A 5-year-old girl killed trying to cross North Monroe Street with her mother in 2013 is leaving a lasting legacy in Spokane.

The Washington state Department of Transportation this week announced a $3.7 million traffic safety grant to convert Monroe from four-lanes plus a turn lane to a two-lanes plus a turn lane in the stretch where the girl was struck.

The change, which is expected two years from now, involves the stretch from Indiana to Kiernan avenues.

The Monroe remake will become the latest in a series of conversions placing numerous city arterials on what urban planners call a “road diet.”

Having two through-lanes with a turn lane instead of four with a turn lane will allow the city to create wider sidewalks, safer crosswalks, roomier parking slots and more efficient bus stops, city officials said.

In addition, the city plans to install new landscaping and pedestrian lighting to improve the appeal along the strip dotted with small businesses. Bus shelters also will be possible.

“This couldn’t have come at a better time,” said E.J. Iannelli , chairman of the Emerson-Garfield Neighborhood Council, where most of the conversion will occur.

He said the project dovetails with a neighborhood land-use plan that was completed a year ago. That plan envisions a pedestrian-friendly and lively business district along Monroe.

Three other arterial segments in the Spokane region also won traffic safety funding for conversions from four to two lanes. The grants were announced on Thursday.

The other projects are Crestline Street from Euclid to Francis, $720,000; Maxwell and Mission avenues from Washington to Maple streets, $435,000; and McDonald Road in Spokane Valley from Mission to 16th avenues.

Statewide, $48 million is headed to 46 separate projects. Spokane County won $430,000 for safety data collection and improved signage.

Brandon Blankenagel, a Spokane city engineer, said the death of the 5-year-old girl, Elayna Burrows-Gust, was a chief reason that the Monroe project won the larger federal safety grant through the state’s selection process.

He said the larger state grant will be combined with a smaller grant and city funds for a project budget of $4.1 million.

City Councilwoman Candace Mumm, who represents northwest Spokane, said the project has been one of her priorities since she took office last year.

“For me, this is great news,” she said.

City Councilman Jon Snyder, who represents south Spokane, was one of the first officials to call for changes after the 2013 death.

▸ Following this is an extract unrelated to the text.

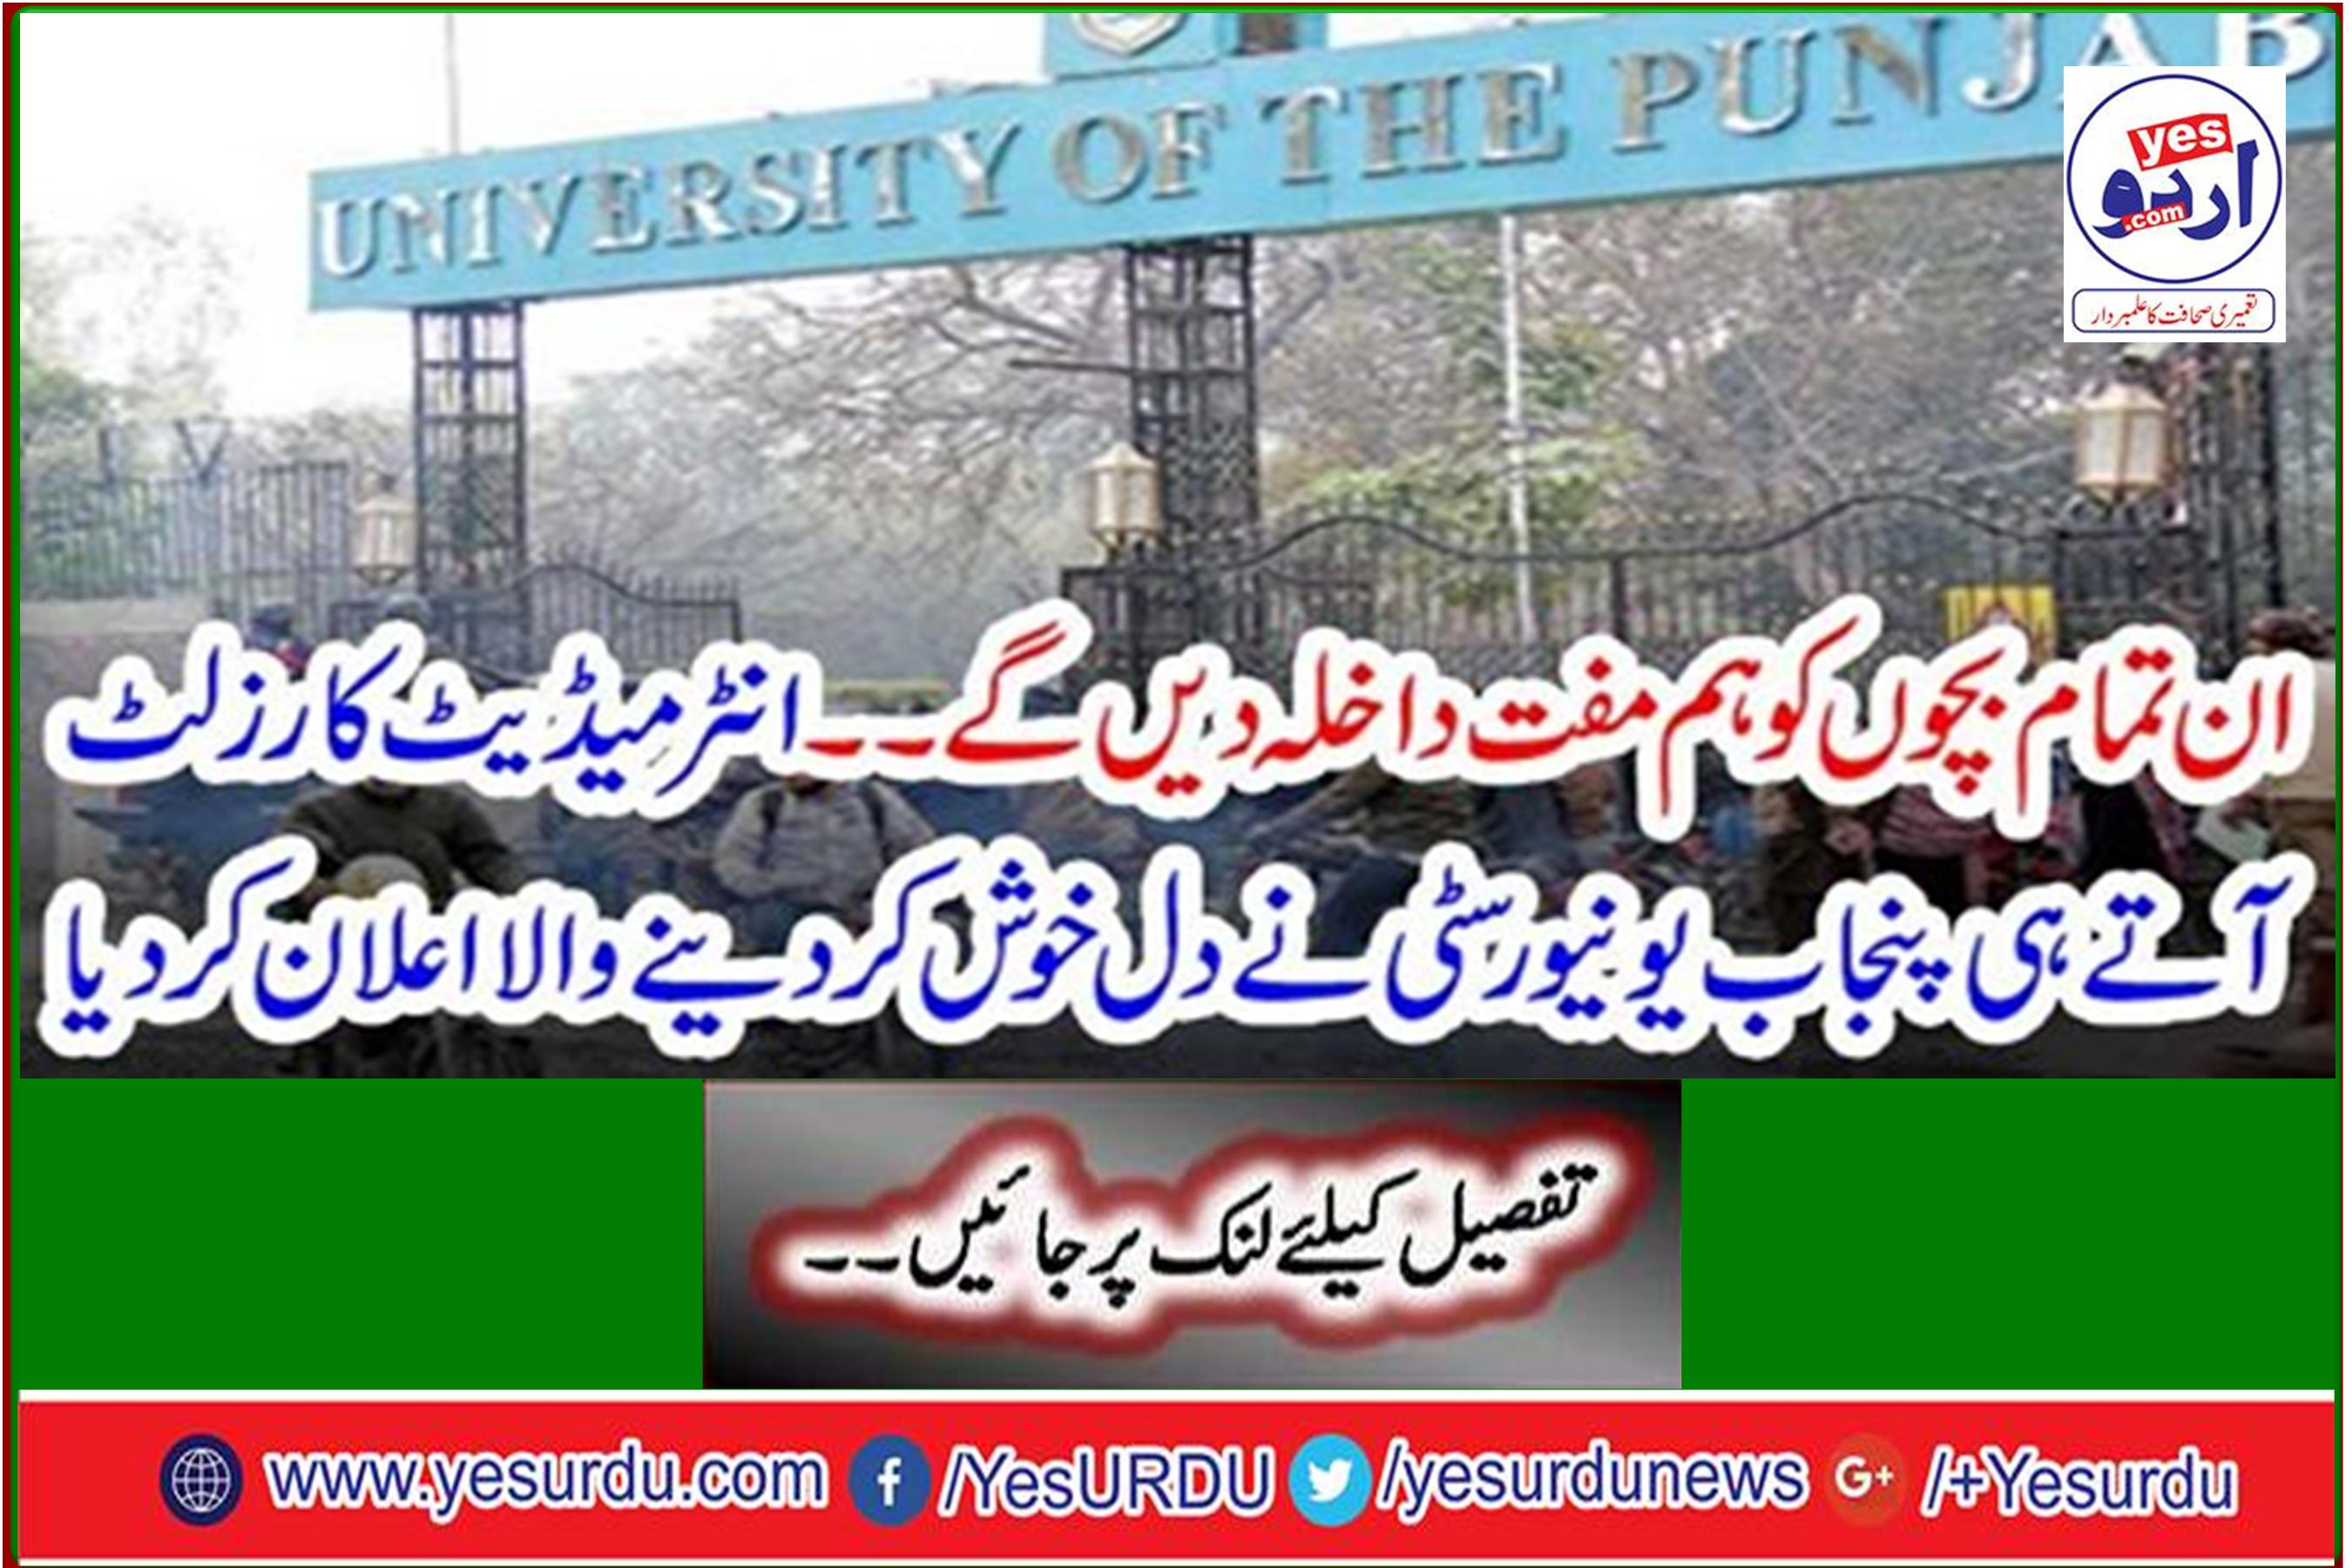 With the arrival of the Intermediate Result, the University of Punjab announced a heartwarming announcement

That was the second fatality along North Monroe in recent years. In 2011, a police officer struck and killed an intoxicated man trying to cross the street at night. The officer was typing a message into an onboard computer just before the collision. Both accidents happened near Montgomery Avenue.

Snyder said the project has a dual purpose.

“This has the potential to be a good shot in the arm for that (business) district.”

On South Perry Street in Snyder’s council district, street-side pedestrian improvements and crossings a decade ago are credited as a key to the commercial revival there.

That project also won a transportation grant largely to improve pedestrian safety near Grant Elementary School.

Post Street on the North Side, East Sprague Avenue west of Altamont Street, 29th Avenue west of Grand Boulevard and Monroe and Lincoln streets on the South Side are other examples of conversions from four to two lanes.

Mumm said business owners from East Sprague were enlisted to attend Emerson-Garfield meetings to help calm any concern about the conversion among North Monroe business owners.

Iannelli said some people might think that the reduction in lanes would slow traffic overall, but the experience around the country shows anything but that. He said conversions are counterintuitive in that they actually improve traffic flow as well as safety.

“It’s been proven again and again with ‘road diets’ across the country,” Iannelli said.